On 28 February 2025, the European Olympic Committees, Istanbul Metropolitan Municipality, and the Turkish National Olympic Committee signed the Host City Contract at the 54th EOC General Assembly in Frankfurt.

===Vote results===

2027 European Games bidding results
| City | Nation | Votes |
|---|---|---|
| Istanbul | Turkey | Unanimous |

==Development and preparations==
===Venues===

| Venues | Events | Capacity | Status |
|---|---|---|---|
| Sinan Erdem Dome | Gymnastics (acrobatic, aerobic, artistic, rhythmic, trampoline) | 16,000 | Existing |
| TBA | Gymnastics (parkour) | TBA | TBA |

==The Games==
===Sports===
In 2023, European Athletics president Dobromir Karamarinov stated that plans were being made for the 2027 European Athletics Team Championships to be part of the 2027 European Games, in Istanbul.

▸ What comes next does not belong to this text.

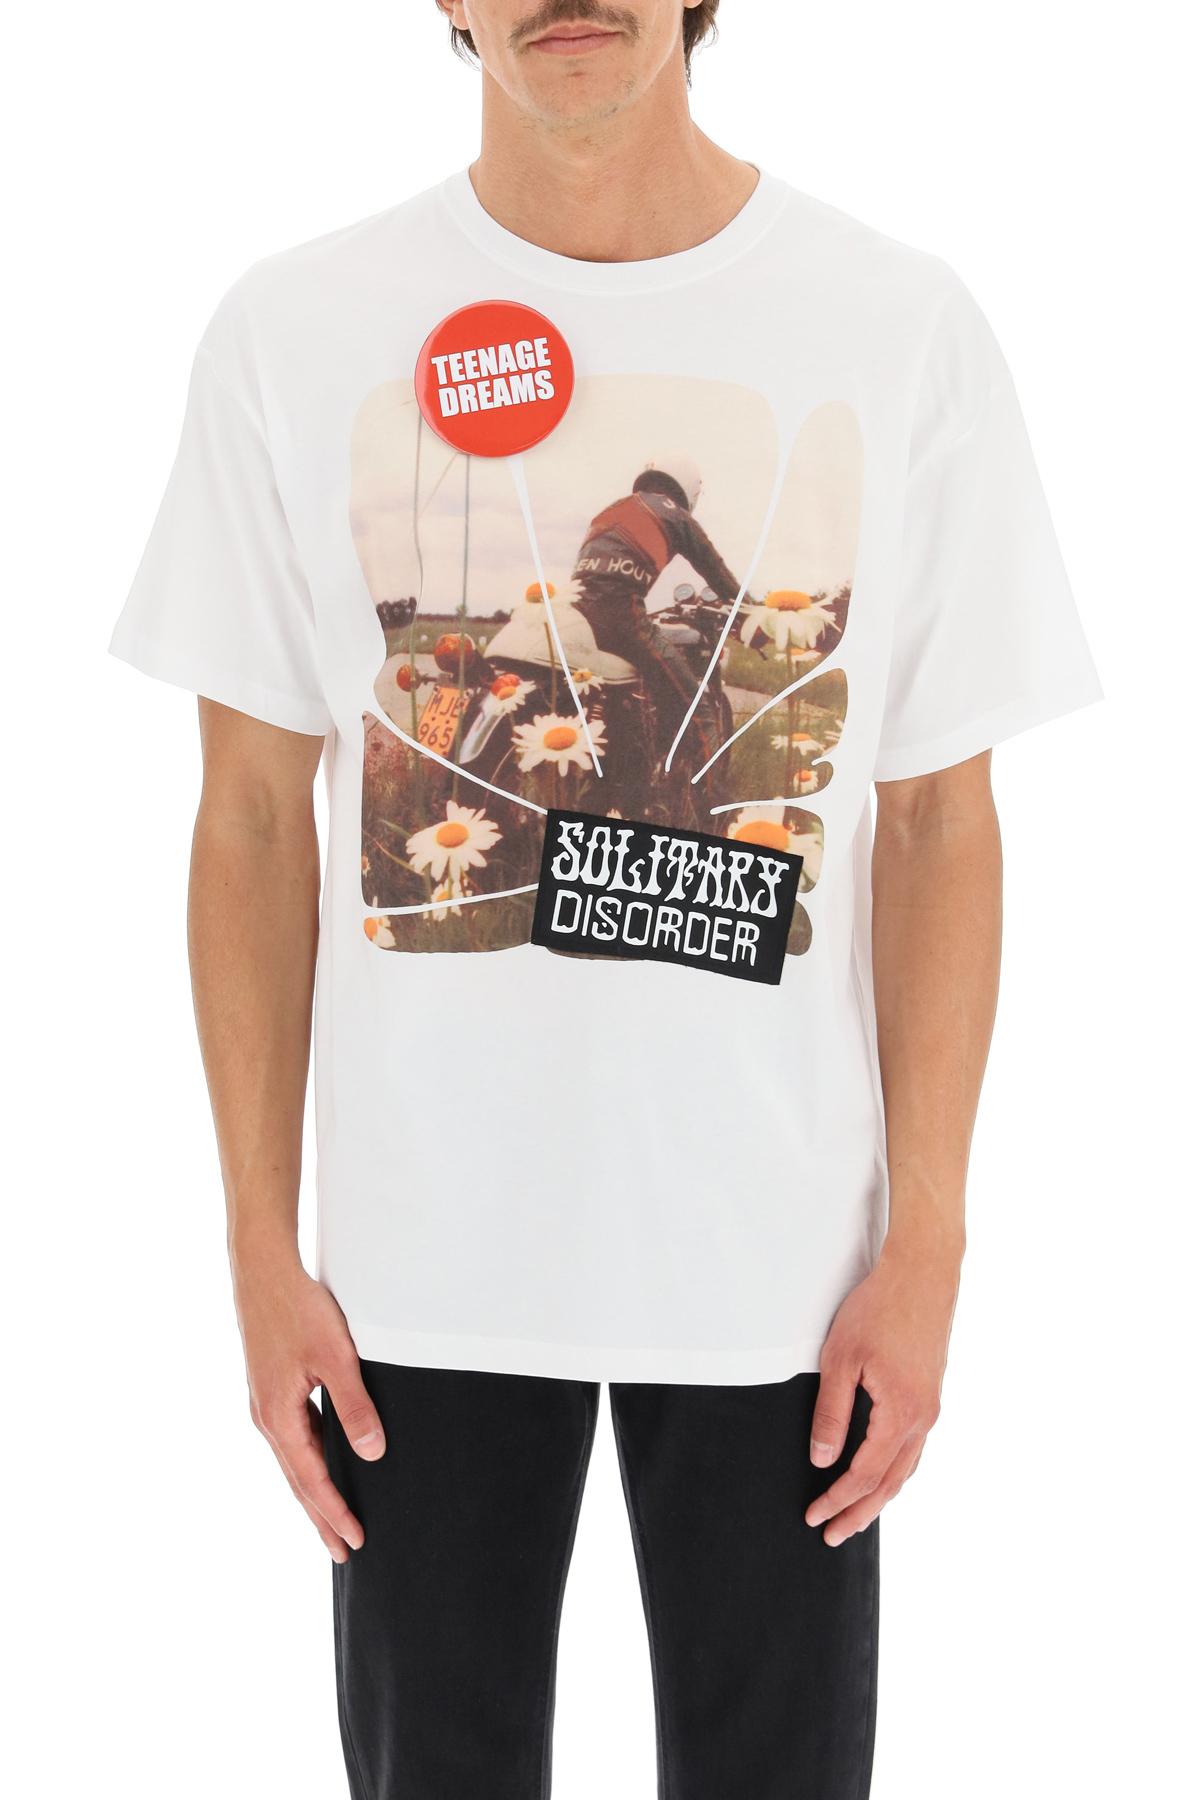 Raf simons t-shirt solitary disorder

In March 2024, it was reported that the International Cricket Council (ICC) have been in touch with the event organisers to include cricket in the 2027 European Games. Cricket will make its return to the Olympic program in the 2028 Summer Olympics in Los Angeles, and its inclusion would have acted as the European qualifiers event.

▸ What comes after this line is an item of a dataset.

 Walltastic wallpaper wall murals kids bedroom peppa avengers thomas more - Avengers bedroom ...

On 3 March 2025, it was announced that weightlifting was added to programme of the 2027 European Games.

In February 2026, a total of 43 qualification systems for the 2028 Summer Olympics were published by the International Olympic Committee, and the qualification systems for sports that offer direct quotas for the 2027 European Games include archery, sport climbing, modern pentathlon, shooting, squash and triathlon.

In August 2026, European Aquatics confirmed that the Aquatics program for the 2027 European Games would consist of two championships; the 2027 European U-23 Swimming Championships and the 2027 European Artistic Swimming Championships, with the latter a direct qualification event for the 2028 Summer Olympics. On 4 September 2026, European Gymnastics confirmed the gymnastics program, with all 5 disciplines that were contested in 2015 and 2019 returning, alongside the debut of parkour.

| 2027 European Games Sports Programme |
|---|
| 3x3 basketball (details); Aquatics Artistic swimming (details); Swimming (details); ; Archery (8) (details); Athletics (details); Badminton (5) (details); Boxing (details); Canoeing (details); Coastal rowing (details); Fencing (details); Gymnastics Acrobatic gymnastics (6) (details); Aerobic gymnastics (2) (details); Artistic gymnastics (details); Parkour (4) (details); Rhythmic gymnastics (8) (details); Trampoline (8) (details); ; Judo (details); Karate (details); Kickboxing (details); Modern pentathlon (5) (details); Muaythai (details); Padel (details); Rugby sevens (details); Shooting (details); Squash (2) (details); Sport climbing (6) (details); Table tennis (details); Taekwondo (19) (details); Triathlon (3) (details); Volleyball (details); Weightlifting (details); Wrestling (details); |

==Participating National Olympic Committees==
Of the 50 National Olympic Committees who are members of the European Olympic Committees all are expected to send delegations, with the exception of Russia and Belarus, which have been banned following the Russian invasion of Ukraine. A refugee team may also participate.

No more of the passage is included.